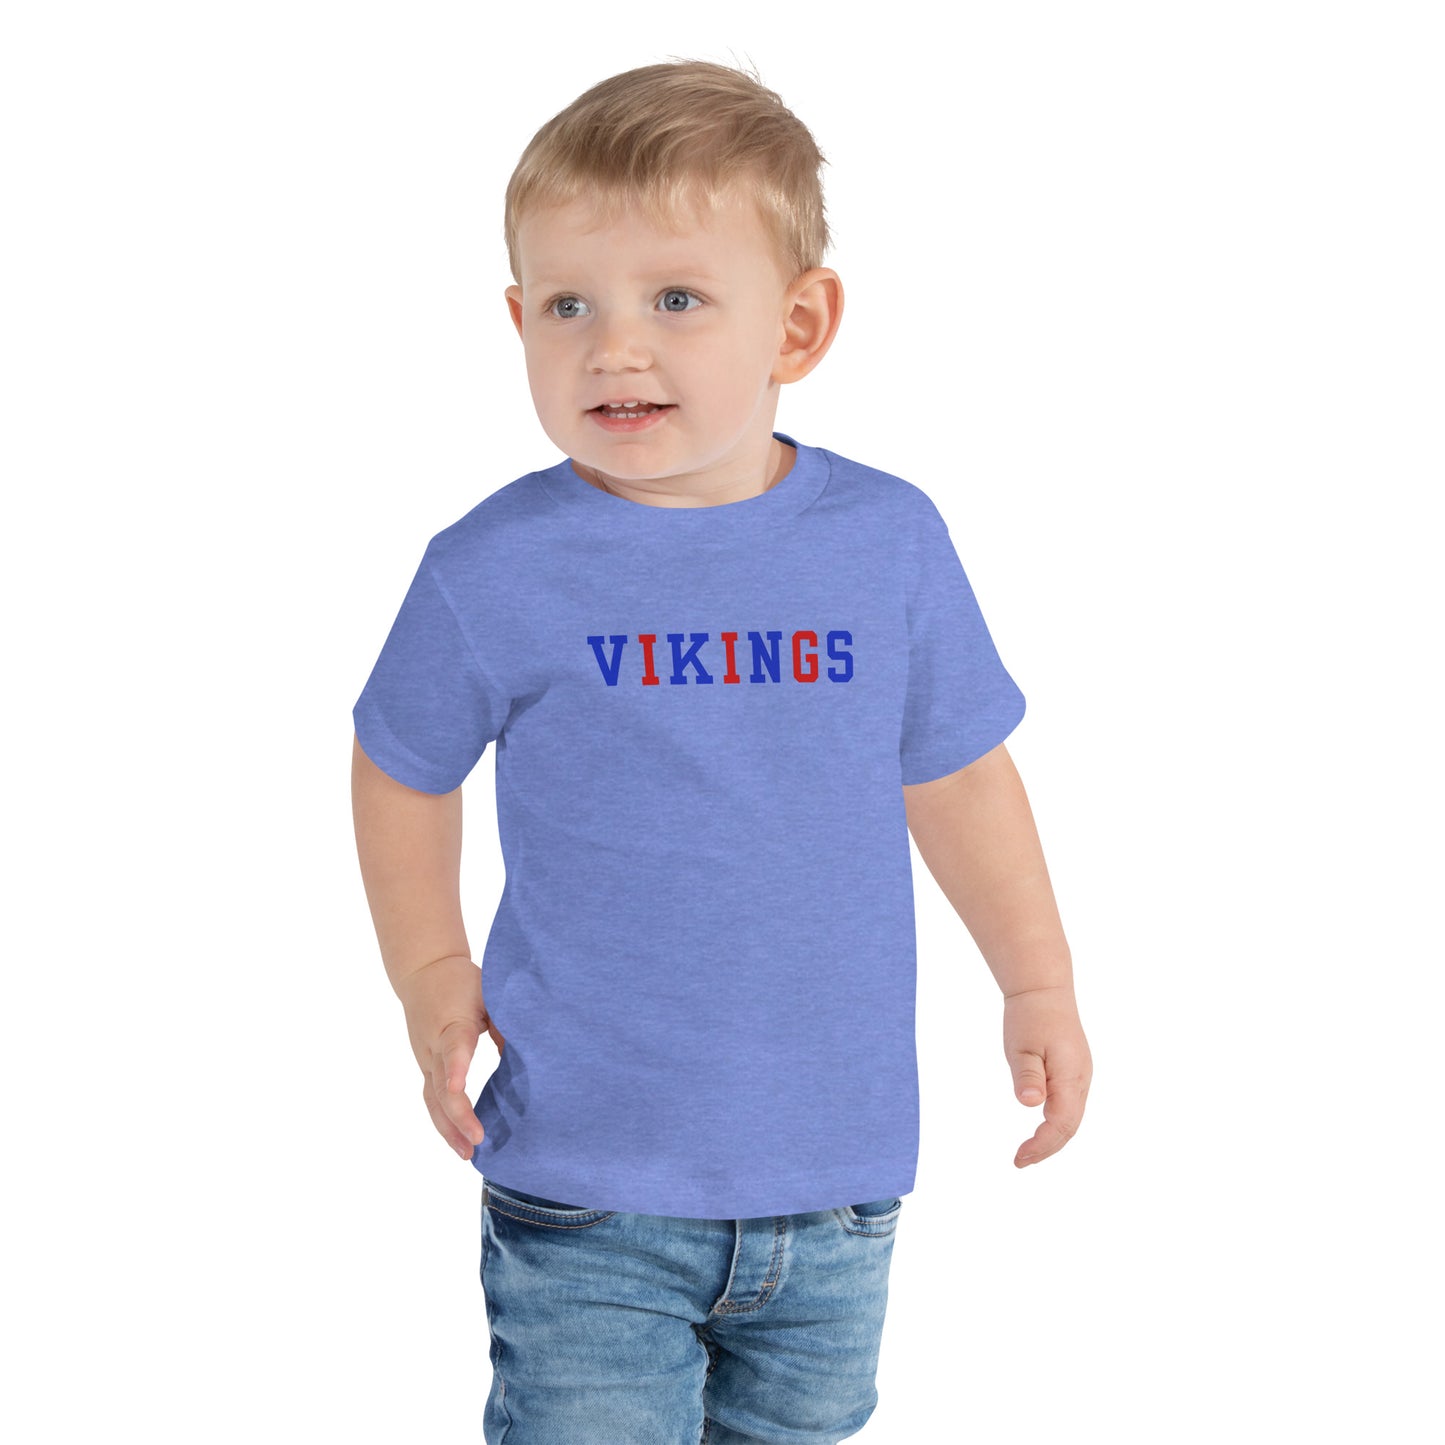 Vikings - Toddler
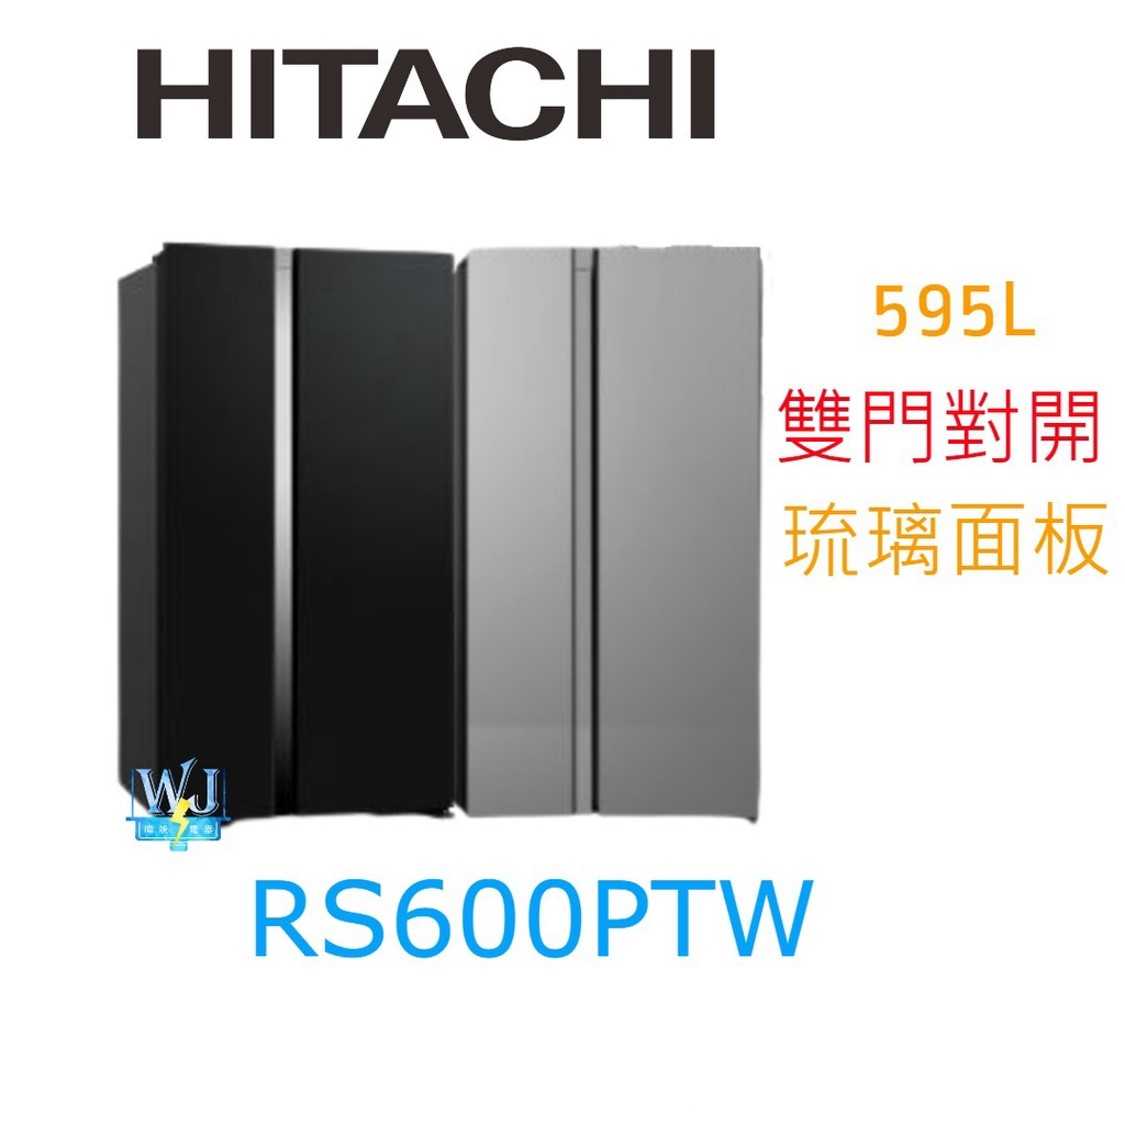 現貨*原廠保固【獨家折扣碼】HITACHI 日立 RS600PTW 對開冰箱 R-S600PTW 大容量 雙門 電冰箱
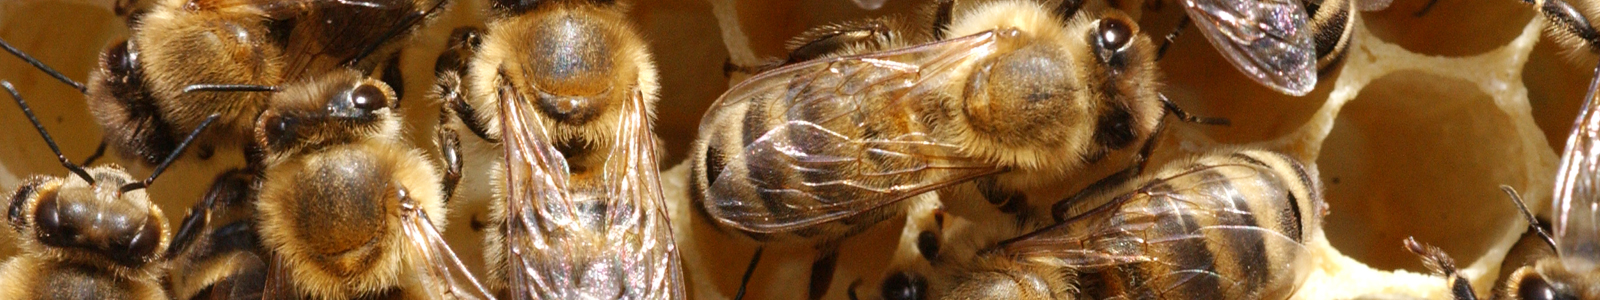 Bienen auf Bienenwabe ©DLR
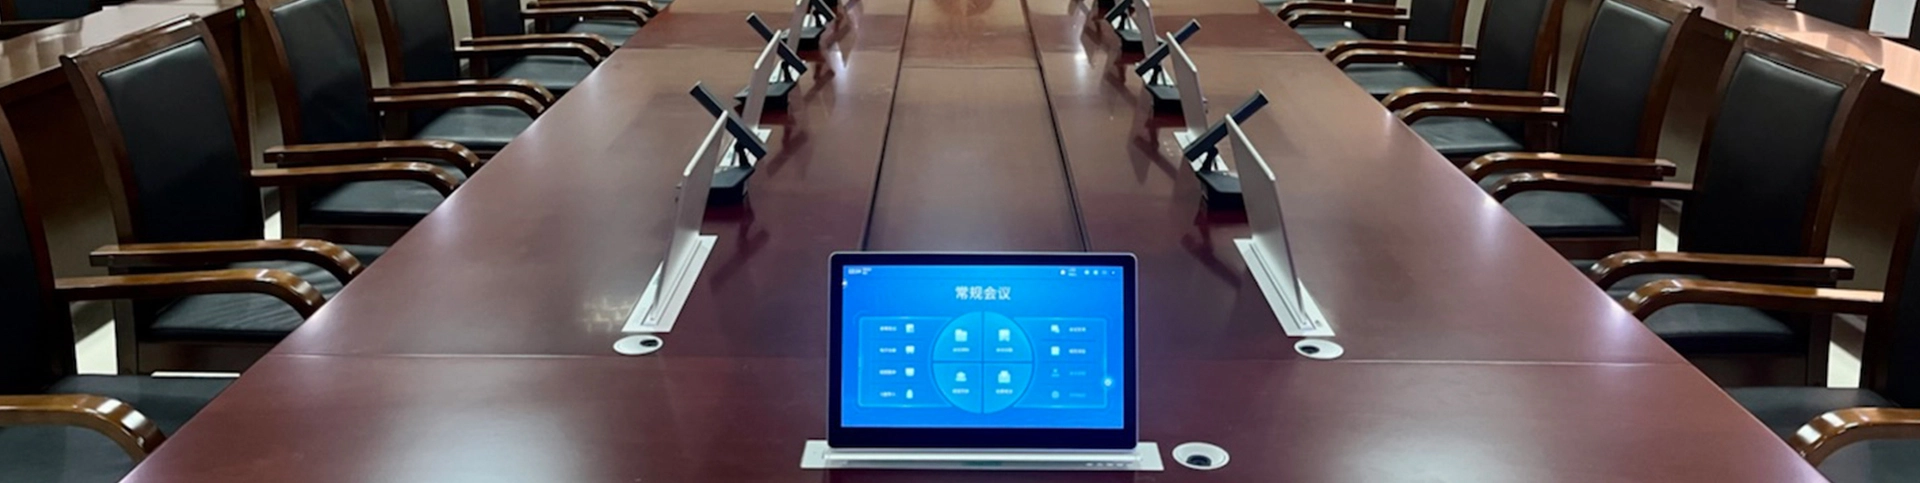 ระบบการประชุมไร้กระดาษสำหรับโครงการ Zhanjiang Court
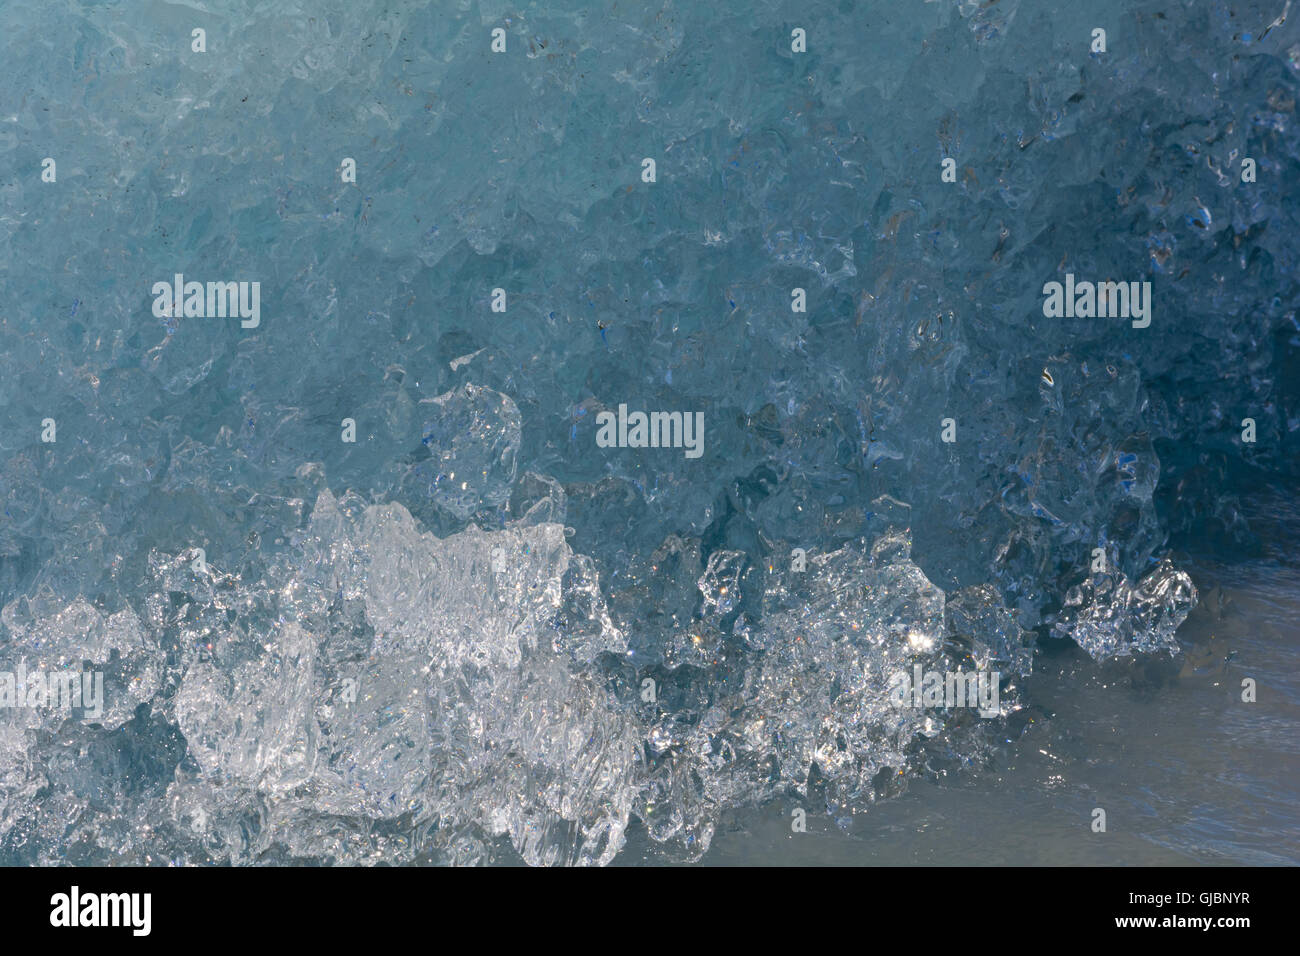 L'arrotondamento e la morbidezza di un iceberg di fusione è visibile in questo close-up dell'immagine. Foto Stock

==================================================

## What the exercise asks
Leaving out the pictures, repeat the data above exactly.

## Result of the task
 Vikings - Toddler
 現貨*原廠保固【獨家折扣碼】HITACHI 日立 RS600PTW 對開冰箱 R-S600PTW 大容量 雙門 電冰箱
 Bienen auf Bienenwabe ©DLR
 ระบบการประชุมไร้กระดาษสำหรับโครงการ Zhanjiang Court
 L'arrotondamento e la morbidezza di un iceberg di fusione è visibile in questo close-up dell'immagine. Foto Stock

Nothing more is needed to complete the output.